▶ TASK OBJECTIVE
Your answer must hold only the lines below from the line containing "Digitally Enhanced Teaching: Canvas Design" through the line containing "Pinterest 3 Now.", each reproduced exactly.
[EXERCISE DATA Boundary: Start]
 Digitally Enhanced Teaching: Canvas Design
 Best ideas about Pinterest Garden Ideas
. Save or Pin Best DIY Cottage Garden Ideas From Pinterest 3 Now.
[EXERCISE DATA Boundary: End]
[EXERCISE DATA Boundary: Start]
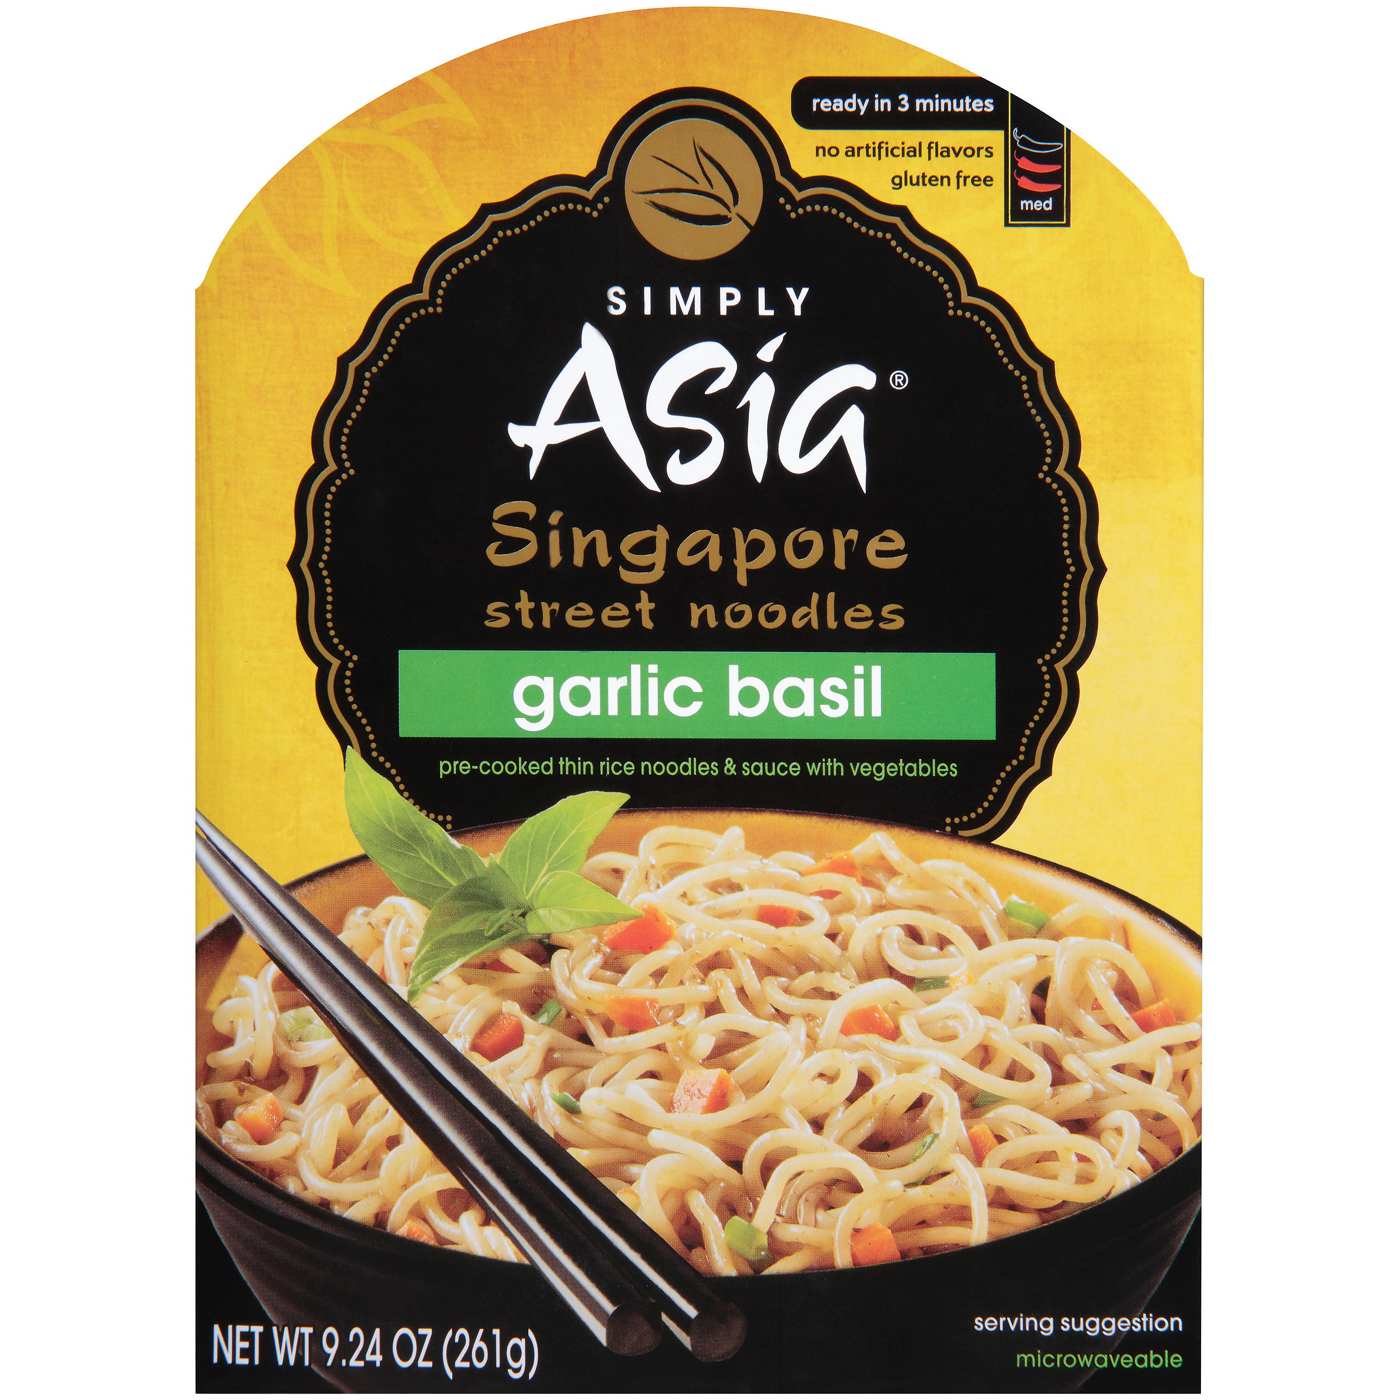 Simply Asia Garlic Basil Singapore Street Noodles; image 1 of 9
[EXERCISE DATA Boundary: End]
▶ TASK RESULT
 Digitally Enhanced Teaching: Canvas Design
 Best ideas about Pinterest Garden Ideas
. Save or Pin Best DIY Cottage Garden Ideas From Pinterest 3 Now.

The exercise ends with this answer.